MR STANHOPE (continuing):

I do not even know if she is still in the building. She has clearly left the chamber; she has probably left the building. This is the height of Mrs Cross' concern for people with a disability. Mrs Cross, if you think that you can get the numbers on your side of the house for the impending leadership challenge, you won't get it this way. We know your party room is completely fractured; we know you are in dire straits; we know, Mrs Cross, that you have got some scores to settle; and we know you are looking for the numbers. You won't get them this way.

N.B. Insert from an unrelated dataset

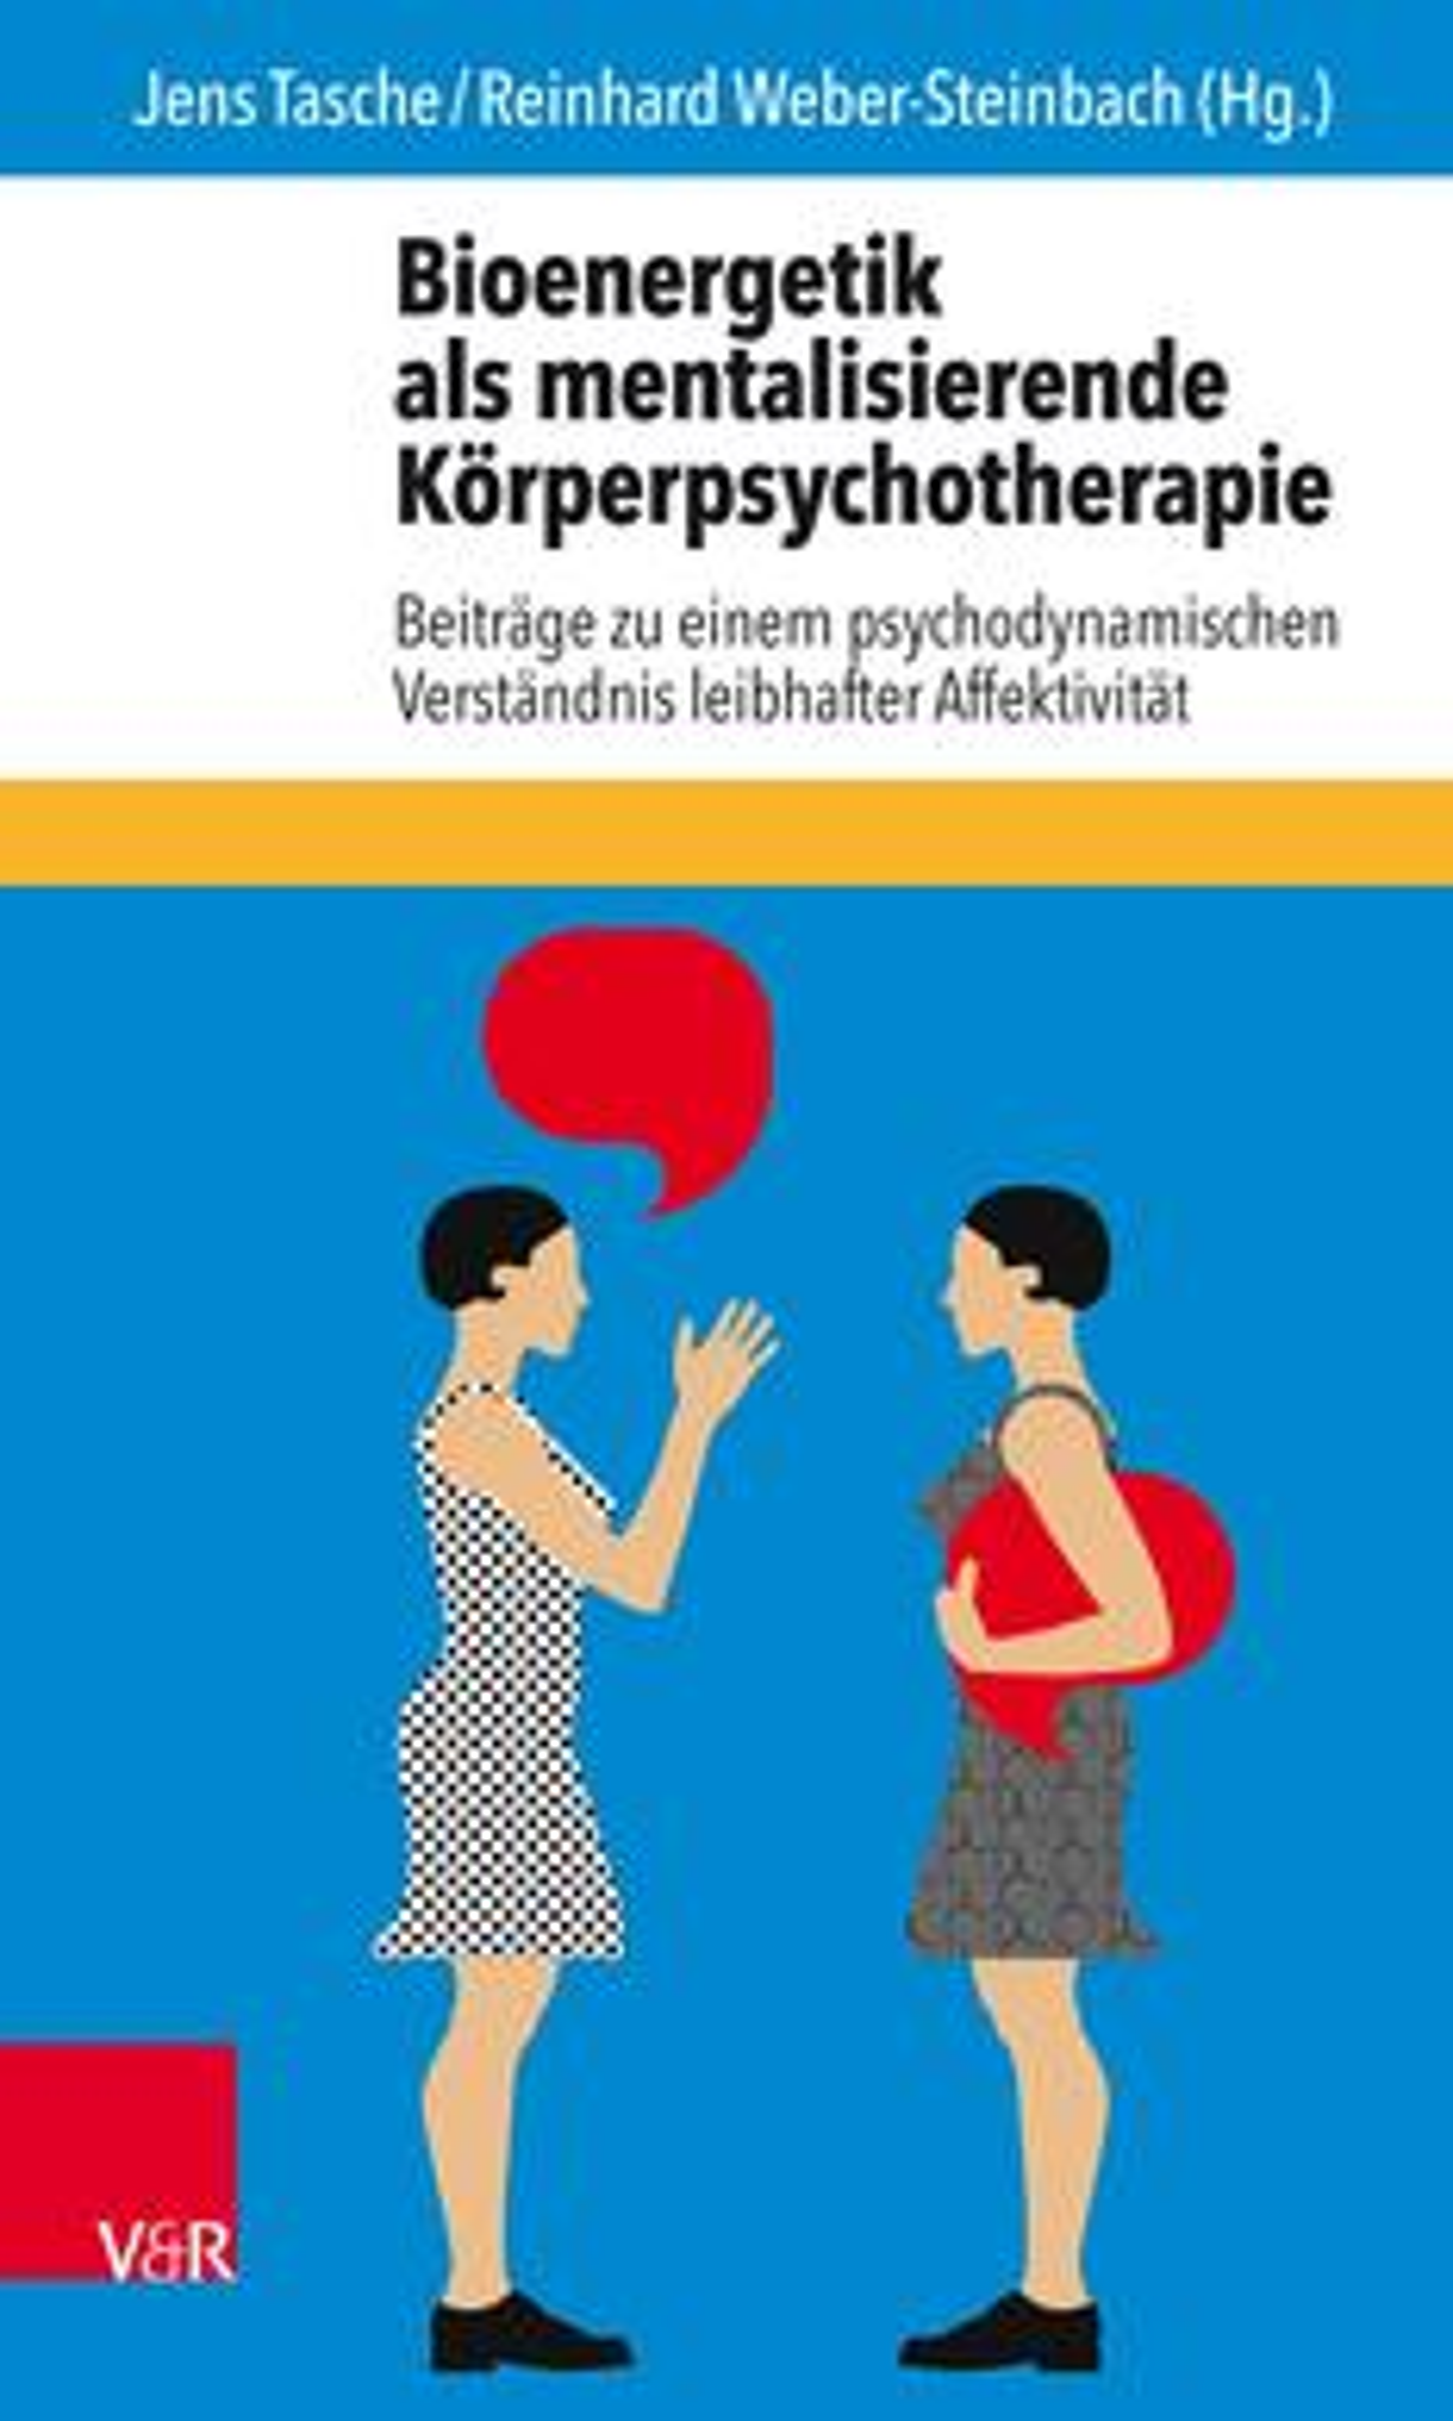 Bioenergetik als mentalisierende Körperpsychotherapie

And you won't get them, Mrs Cross, by attacking your leader in the way that you did in the speech that you gave. Suggesting that at no stage of the debate on the Gallop report have you or the Liberal Party poured scorn or doubt on the integrity or capacity of public servants is a joke. There is not a public servant in Canberra who does not know that you abandoned them completely for what you anticipated would be short-term political gain. Your approach from the outset was to castigate me and blame a group of public servants for daring to pursue a legal remedy in relation to what they regarded as unfounded allegations. You attacked them mercilessly, you attacked them completely and you attacked them publicly. Every public servant in the ACT public service knows that you did. They tell me so.

Mrs Cross, contradicting your leader and his personal attacks on those public servants, will not get you anywhere. You will not get the numbers by showing that degree of disloyalty to your leader, contradicting him absolutely in the way that you did in your speech.

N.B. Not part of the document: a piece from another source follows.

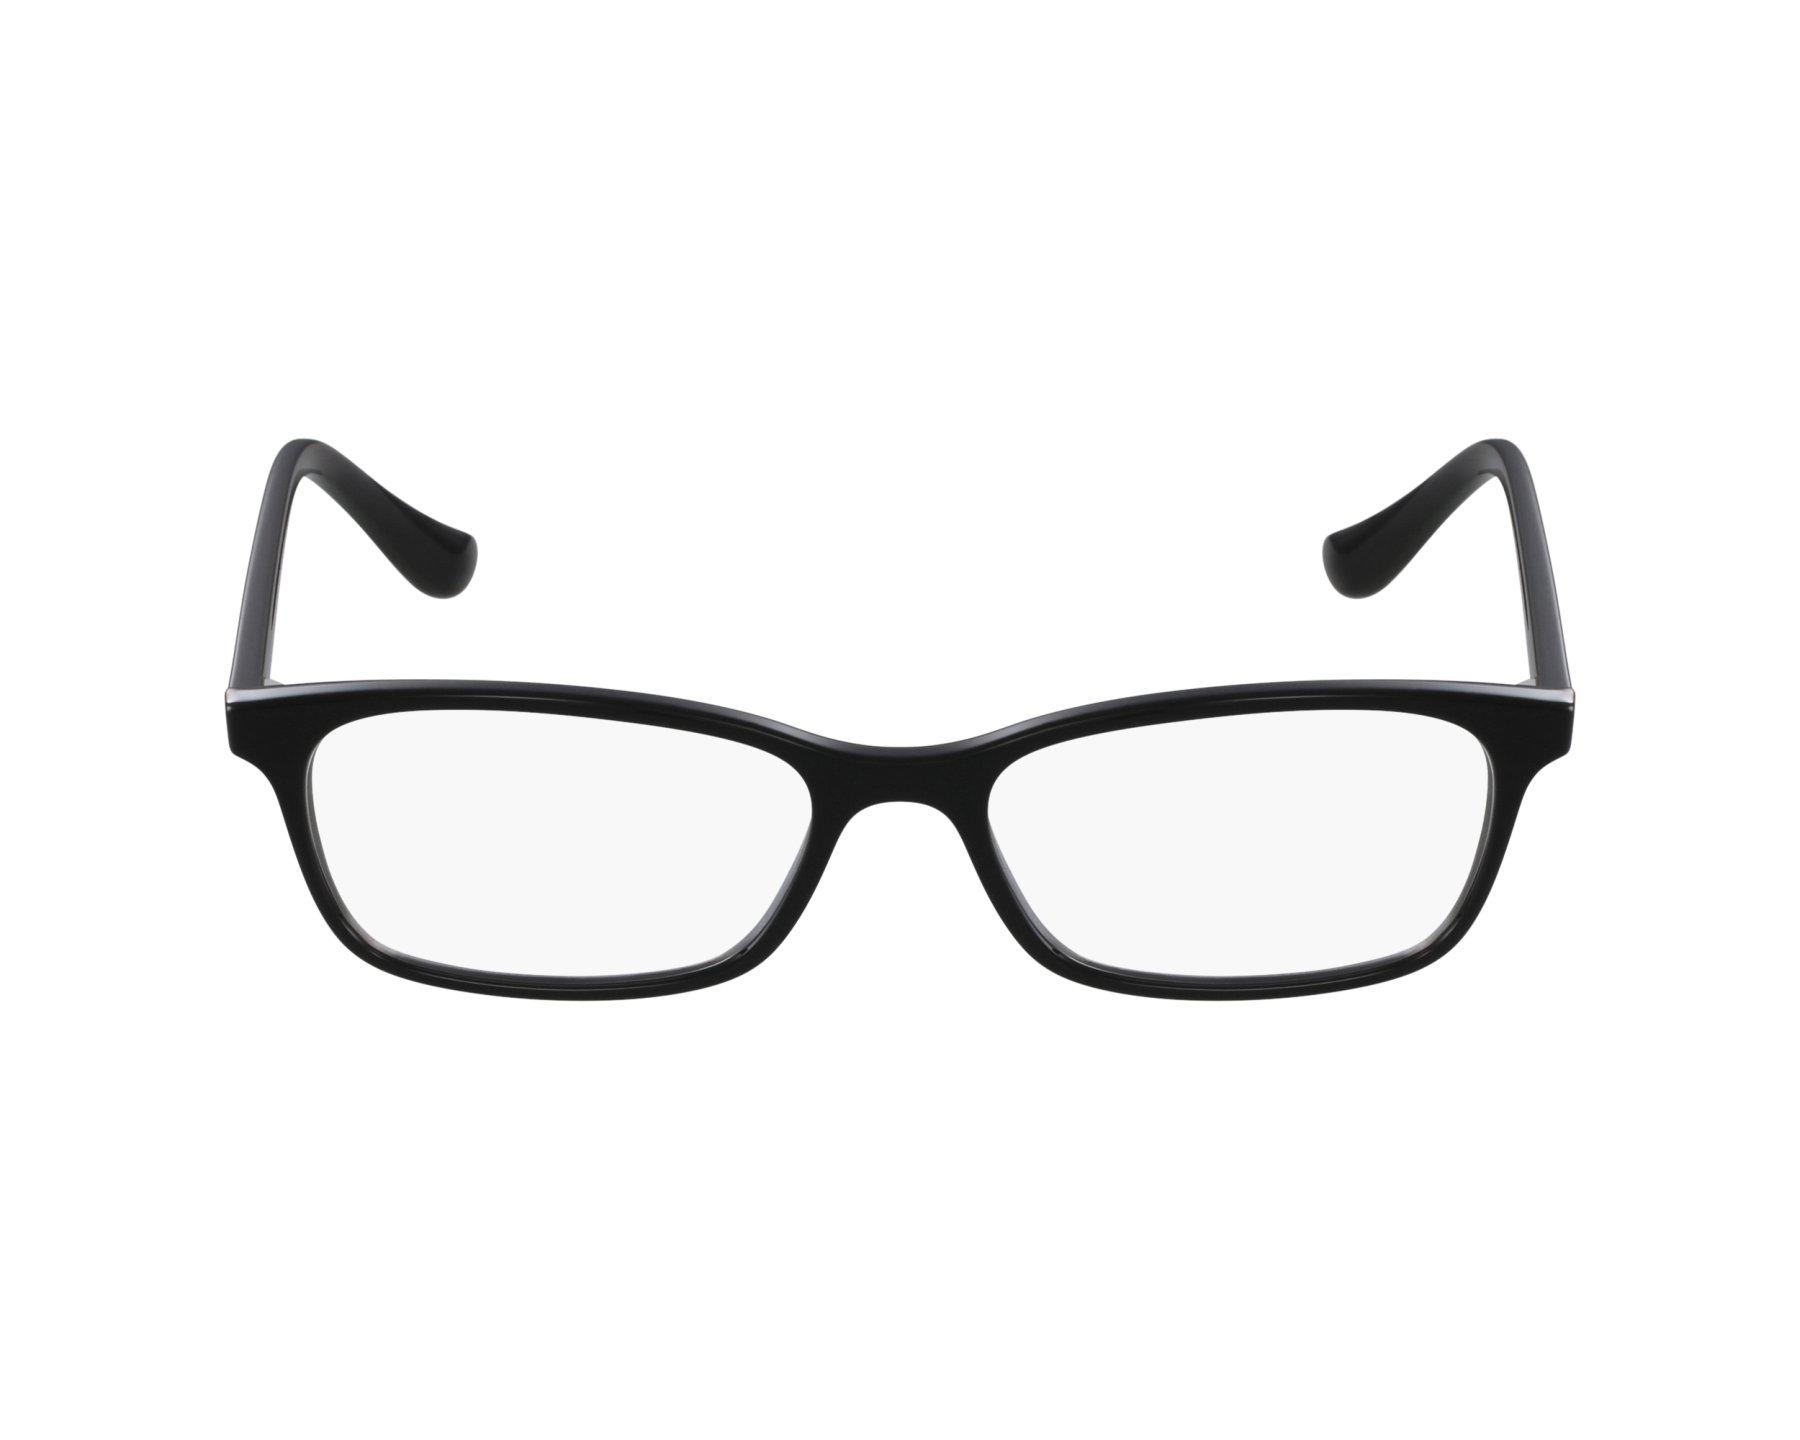 04ec471c80 eyeglasses Vogue VO-5053 W44 51-16 Black profile view

We need to go back to some of the fundamentals of the Gallop report. The Gallop report is a significant report, and we take its recommendations seriously. But it is a report on the Liberal government. Of course, none of them have accepted responsibility for this. The hallmark of their stewardship of the ACT was never to take responsibility.

Mr Corbell: Not, not, not responsible.

MR STANHOPE: As Mr Corbell says, "Not, not, not responsible." You refused to accept any responsibility for your stewardship of the health portfolio or the delivery of disability services to the people of Canberra. That is what Gallop focused on; that is what it is all about.

I have tried, in this debate, to look forward. It is important that we look forward. I was not interested in looking back; I was not interested in pointing a finger. But you were determined to politicise the issue from the outset. I have no interest in or desire for that. You know this, and the record will show it. When this report was released, my determination was to take the issue forward and depoliticise it.

We all battle with issues of care for the disabled and are concerned to ensure that vulnerable people within our community receive appropriate levels of care. To that extent we all have consistent aims. There are circumstances that will occur, whoever is in government, that we would wish were otherwise. We have seen that in disability service delivery, we have seen the tragic deaths of people in the care of the disability services program and we have seen the distressing and tragic deaths of people who were clients of mental health.